A prisoner in a Maine correctional facility committed suicide and his estate claimed that a number of prison medical personnel, including a doctor, a social worker, a psychiatrist, and the regional supervisor of medical services were deliberately indifferent to the prisoner's serious medical needs.
Granting summary judgment to each of the defendants, a federal trial court noted, in ruling in favor of the social worker, that the inmate's condition was "changeable," and on some days, he appeared to "interact appropriately." The social worker, further, possessed "undisputed" "good intentions" to attempt to assist the prisoner and she lacked any personal knowledge about his condition in the last two days of his life, during which his condition may have deteriorated.

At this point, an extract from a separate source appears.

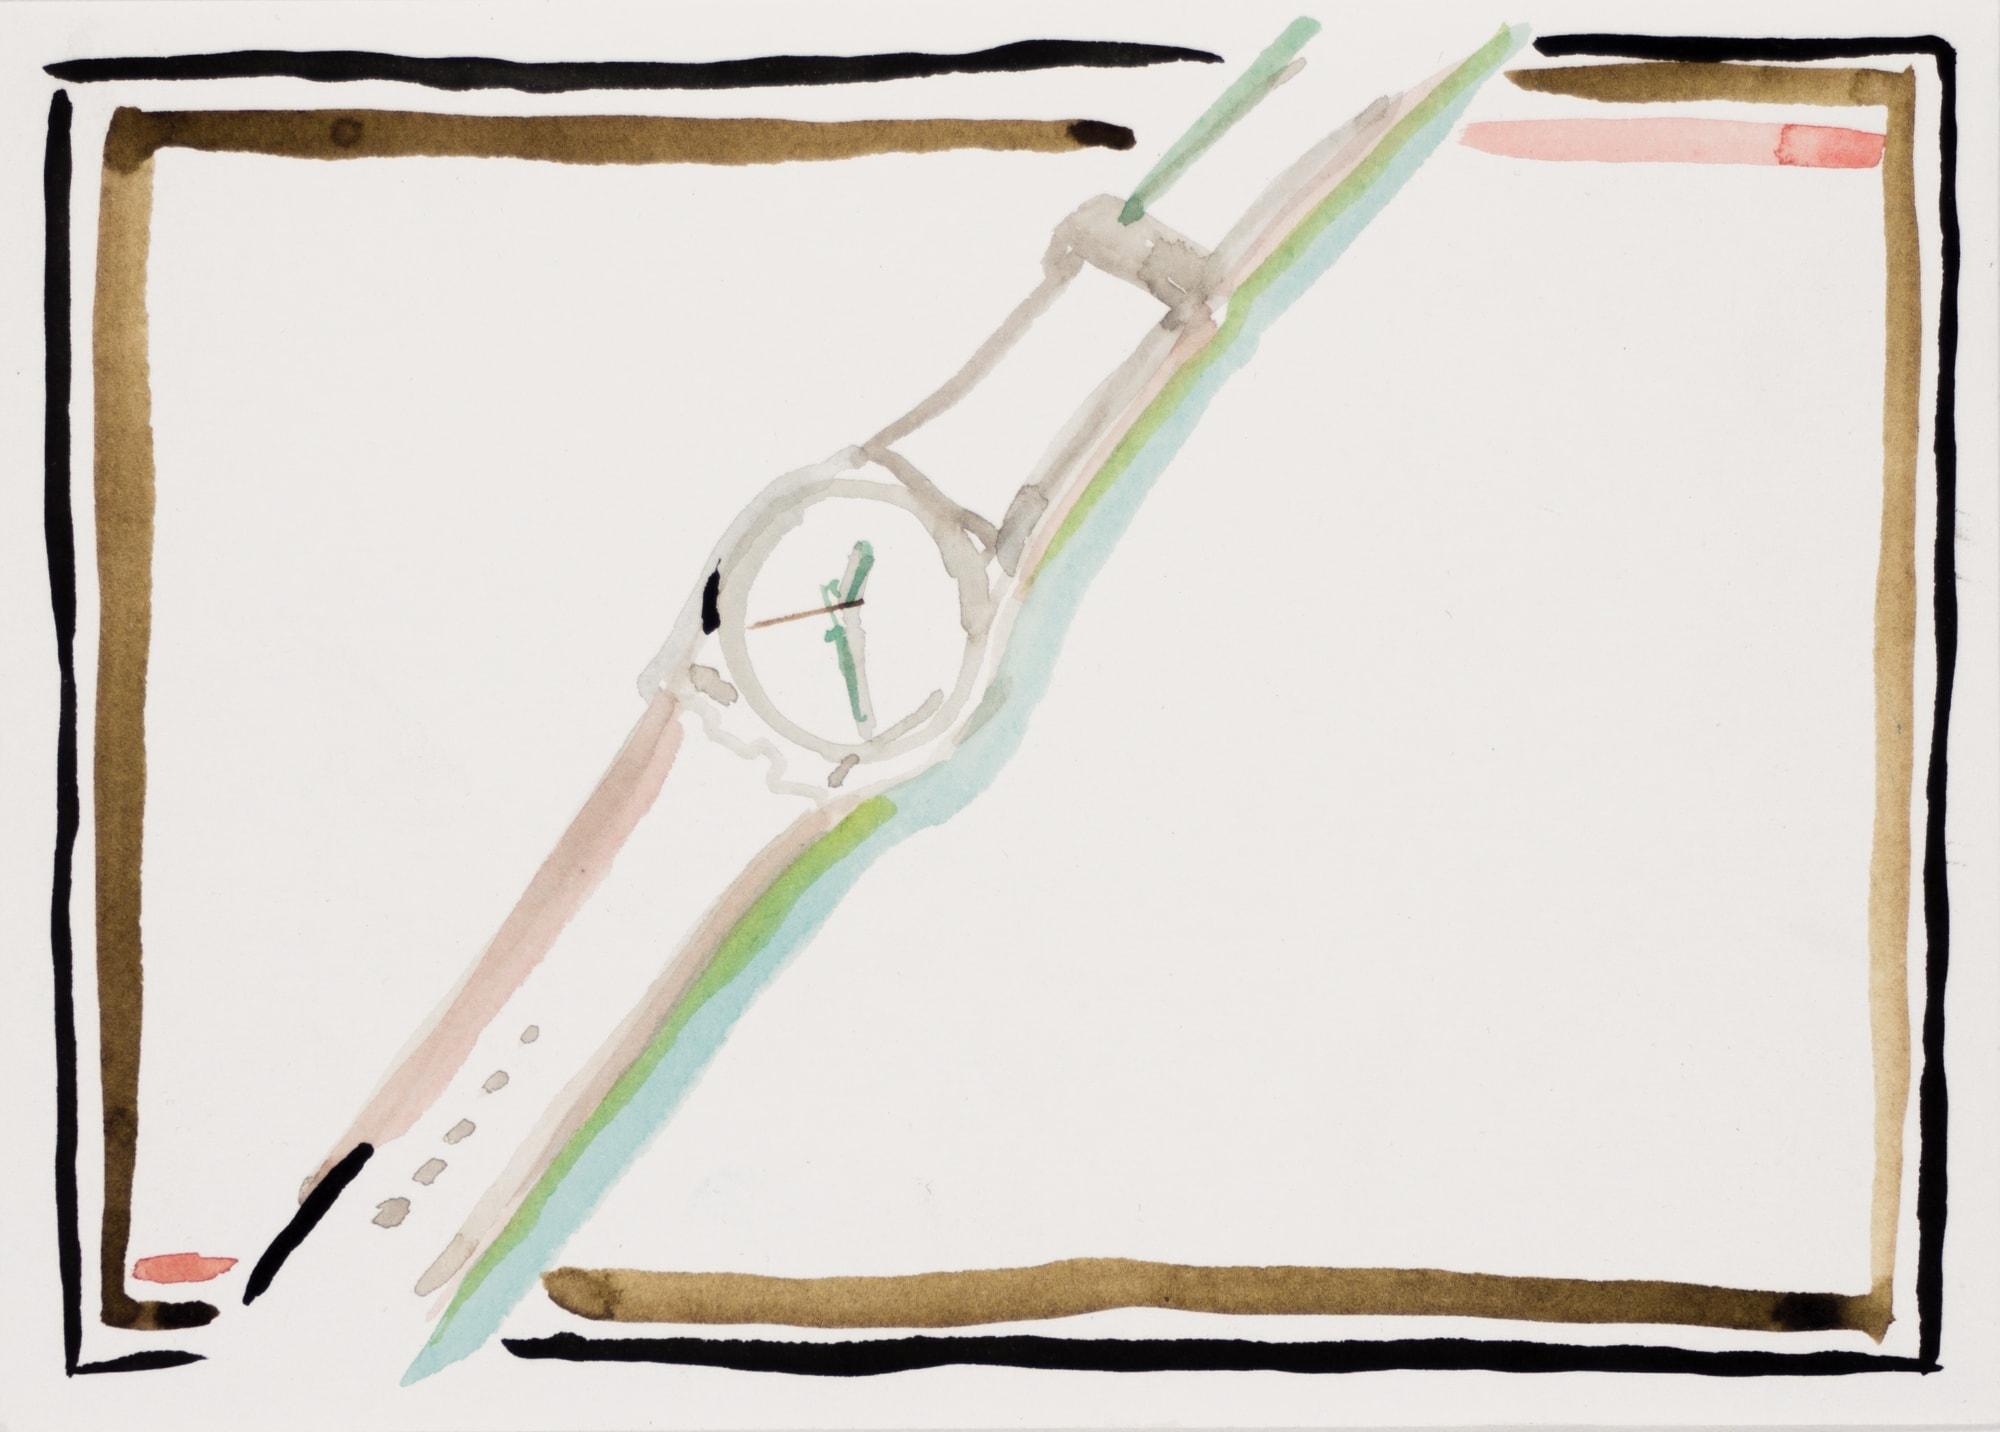 Zeichnung, Aquarell und Tusche auf Postkarte, 14,7x10,5cm, Uhr, Künstlerin: Franziska King

The psychiatrist only saw the prisoner for a limited period of time, and the decision to scale down the inmate's care was made by a treatment team. The medical doctor named as a defendant, the court found, had no significant role in the prisoner's mental health treatment decisions, and accordingly was not deliberately indifferent to the risk that he would commit suicide.
The court also found that the regional supervisor of medical services did not apply any pressure on the psychiatrist or anyone else regarding treatment decisions. There was no evidence, the court ruled, to support the argument that any of the defendants acted as they did or reduced the prisoner's treatments because of financial considerations. Instead, the decisions, while they may have ultimately proved to have been "ill advised and professionally unsound," were based on the prisoner's "generally improving, or at least stable, condition," and therefore were not the result of "deliberate indifference" to a known risk of harm.
Pelletier v. Magnusson, 201 F. Supp. 2d 148 (D. Maine 2002).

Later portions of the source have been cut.